### Data below
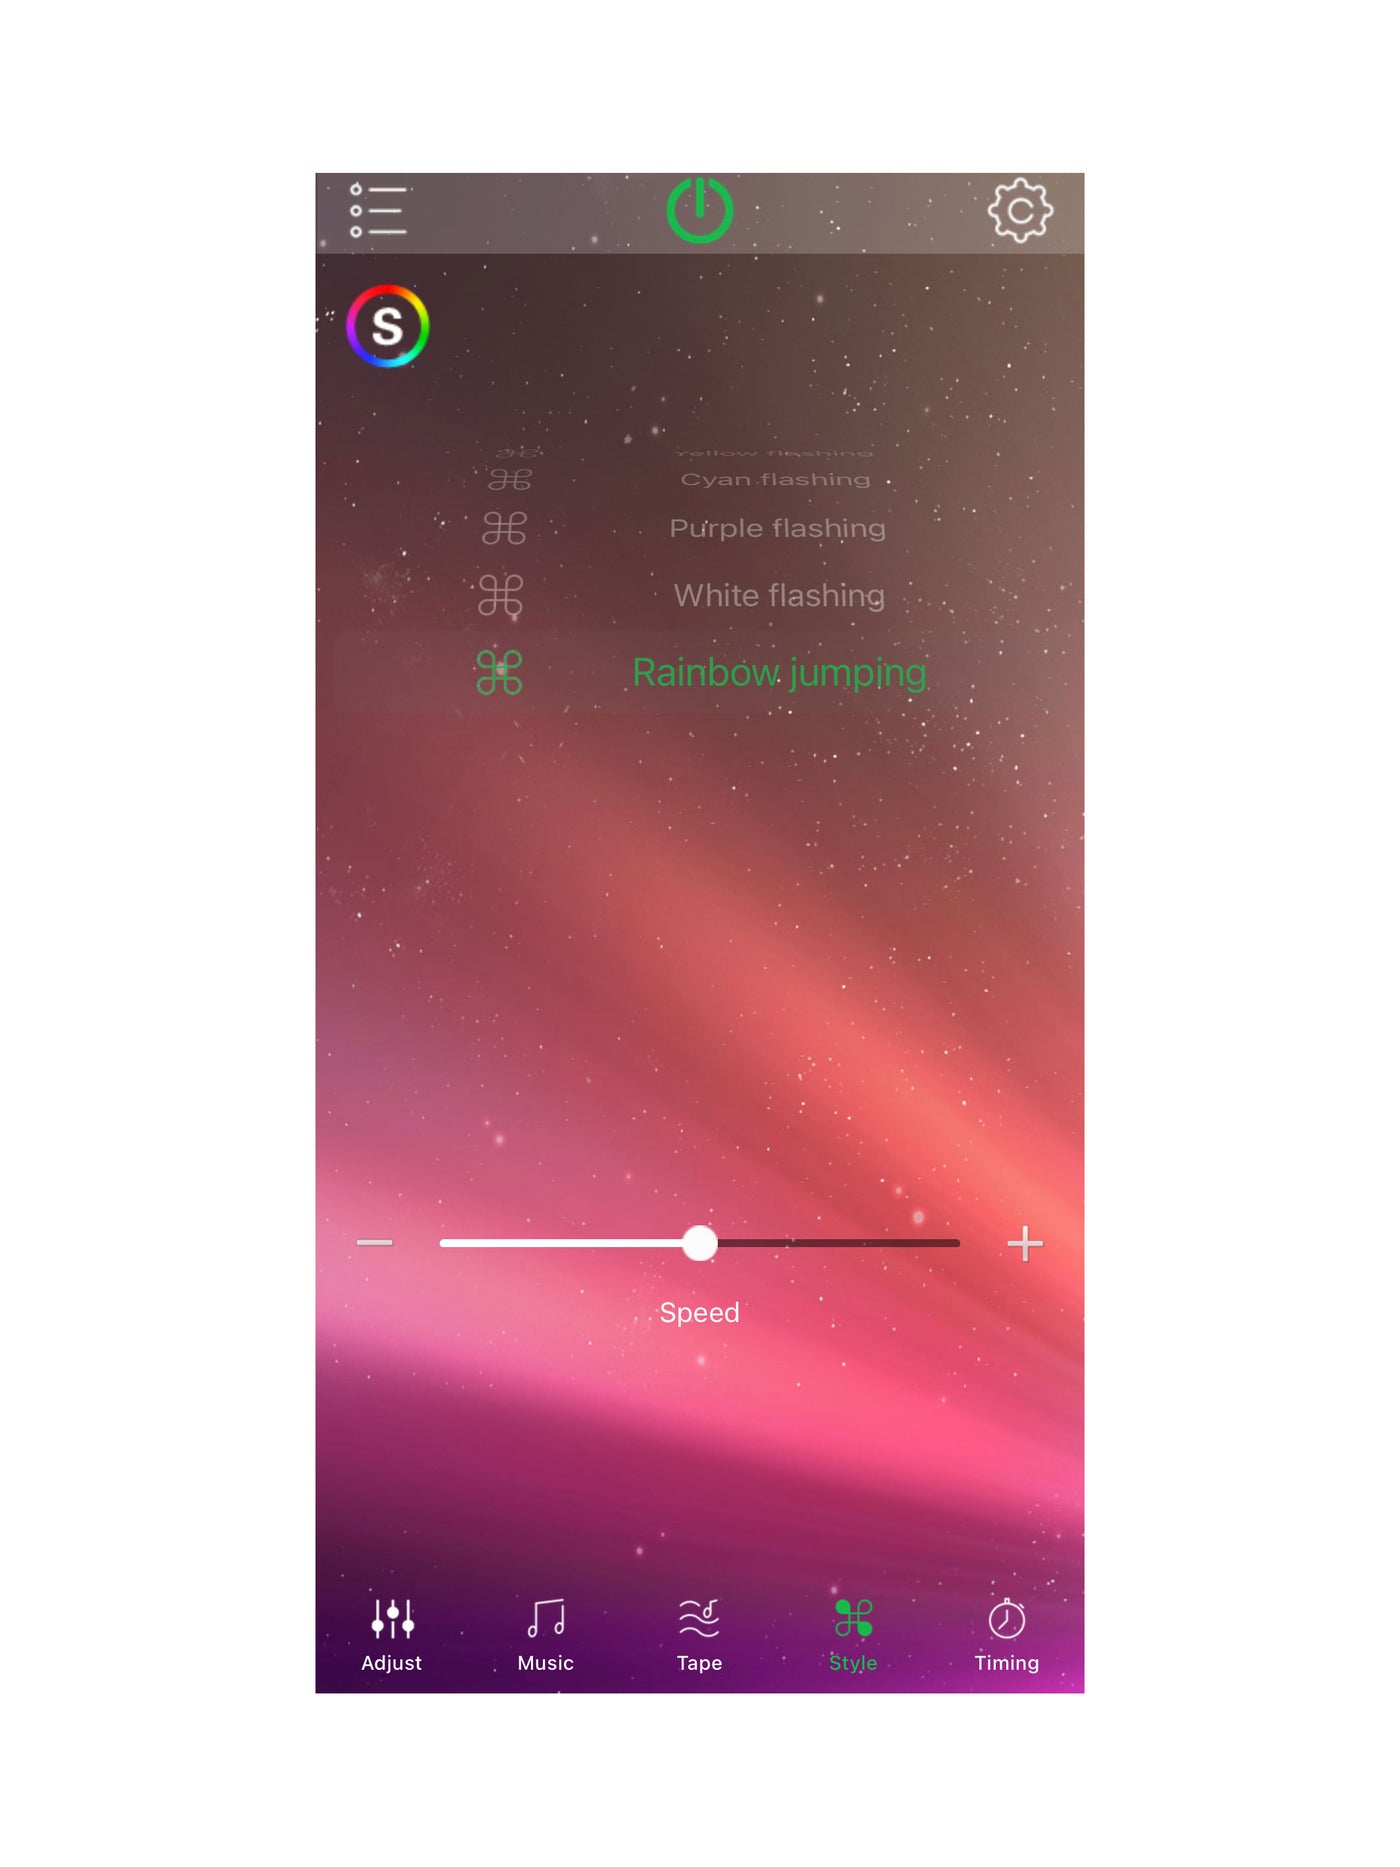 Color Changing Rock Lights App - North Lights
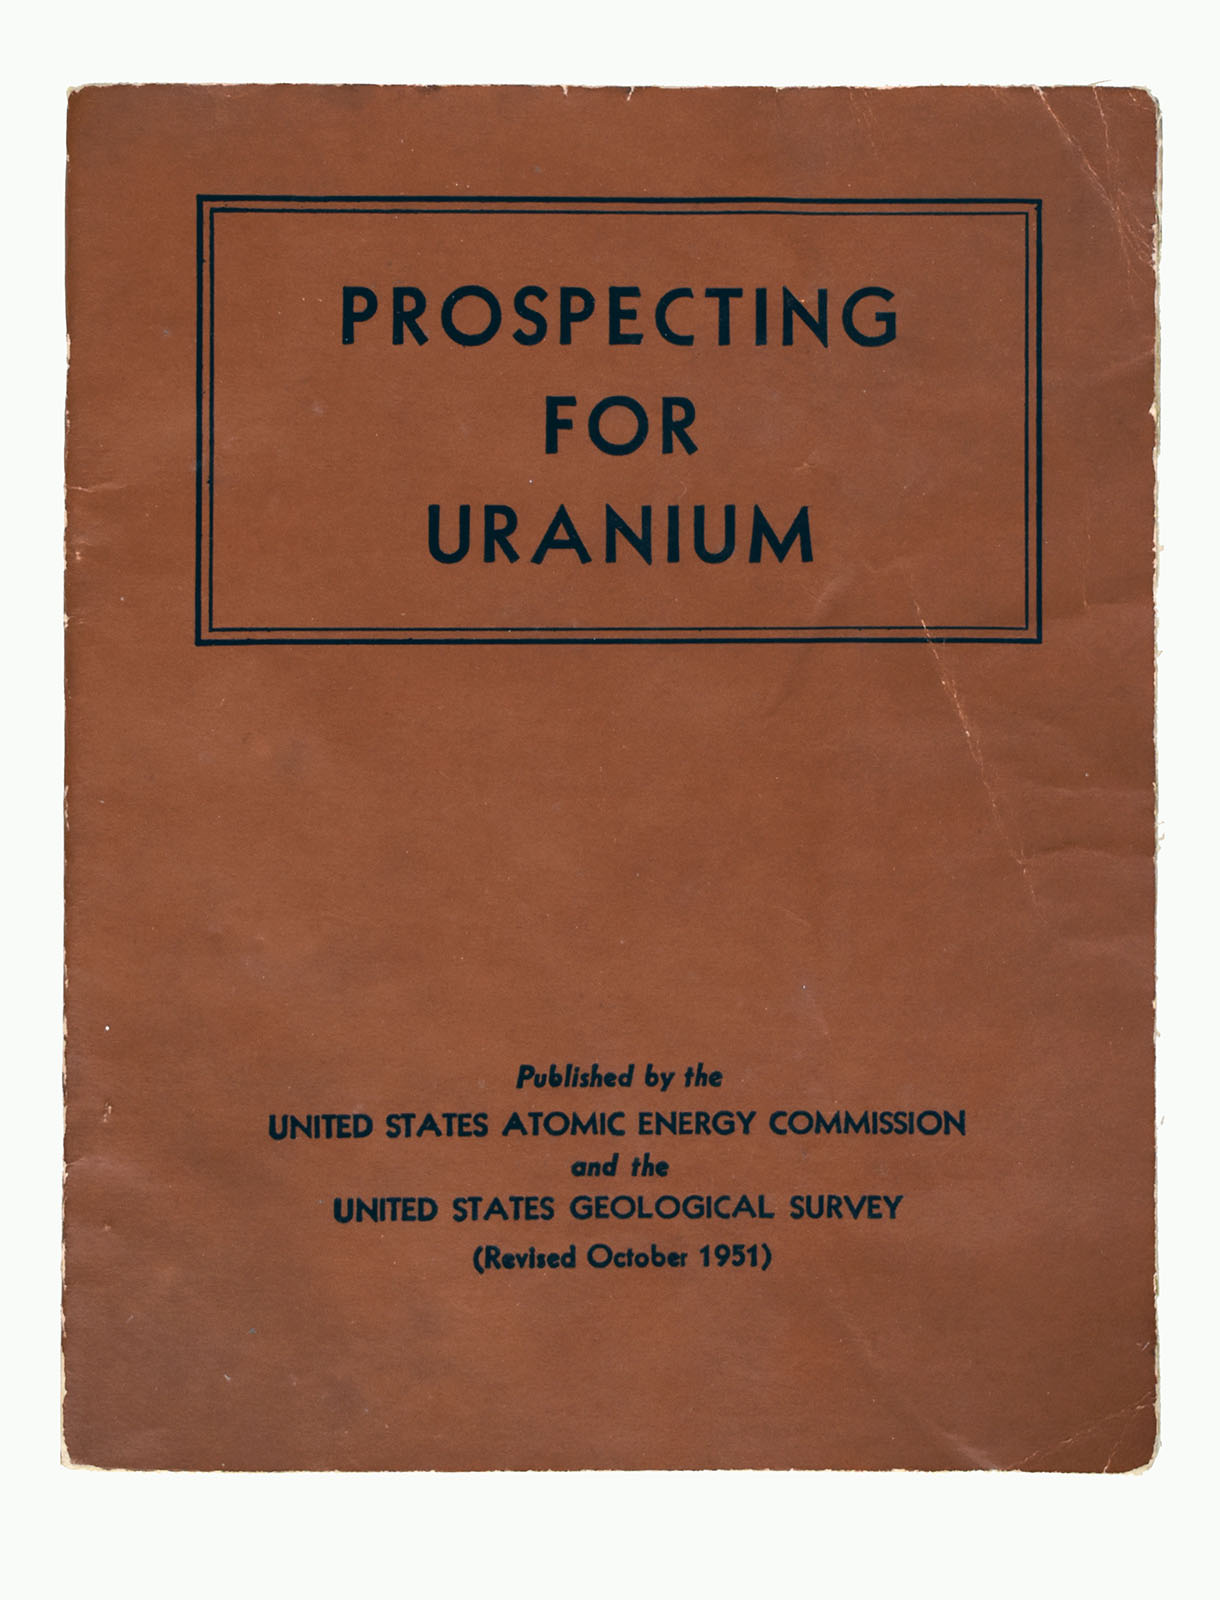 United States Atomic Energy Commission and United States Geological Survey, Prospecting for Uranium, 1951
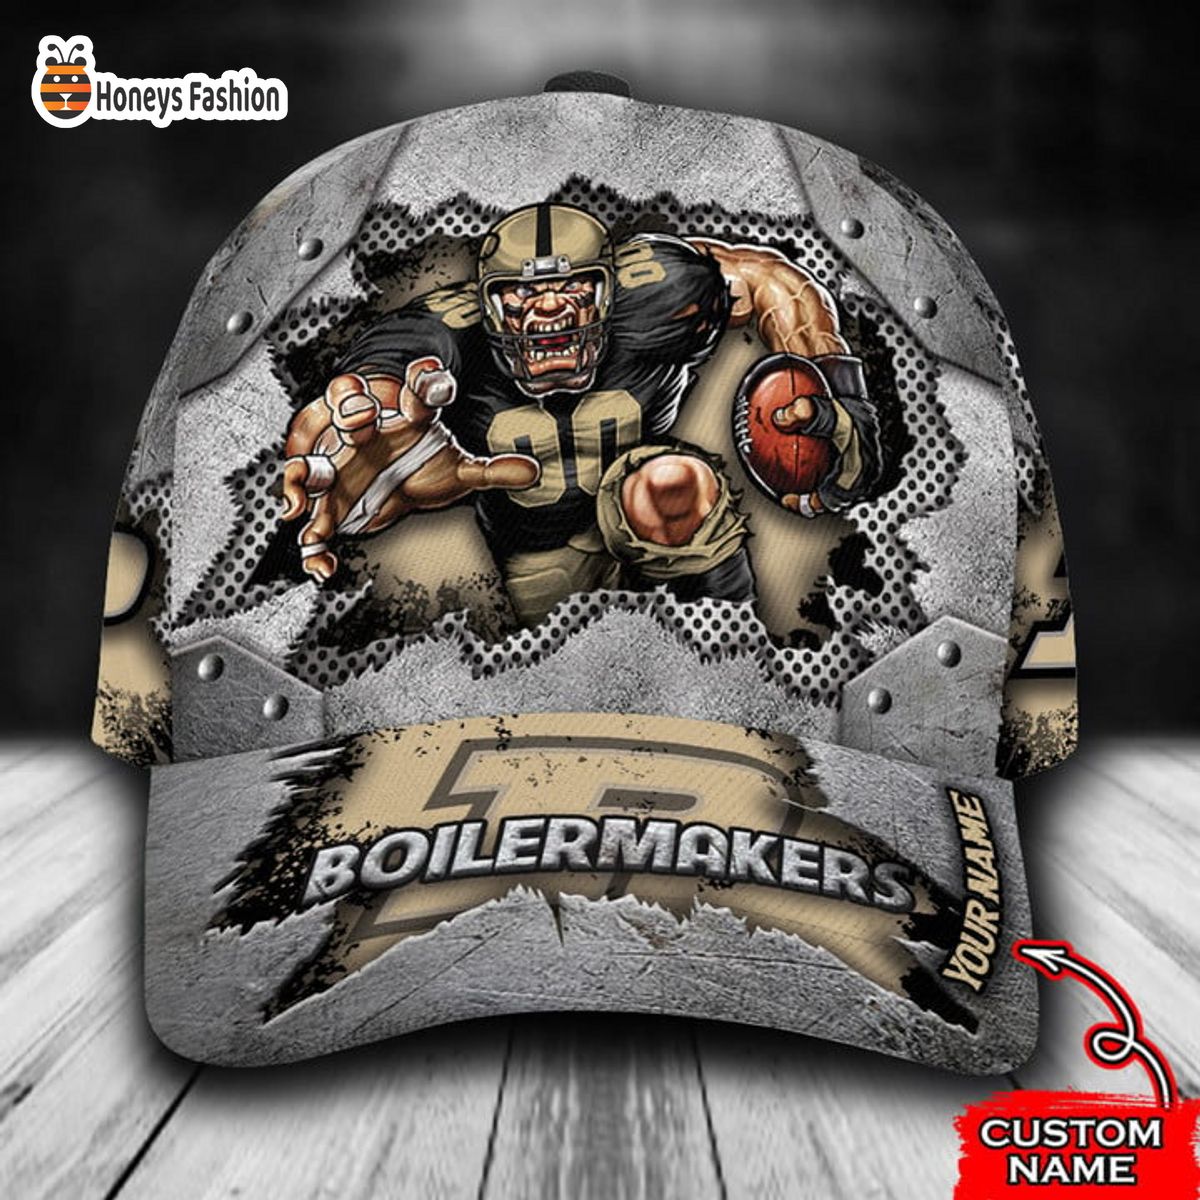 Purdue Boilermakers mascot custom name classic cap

### To do
Each line of the listing above must be given again exactly; the pictures are to be left out.

### Output
 Color Changing Rock Lights App - North Lights
 United States Atomic Energy Commission and United States Geological Survey, Prospecting for Uranium, 1951
 Purdue Boilermakers mascot custom name classic cap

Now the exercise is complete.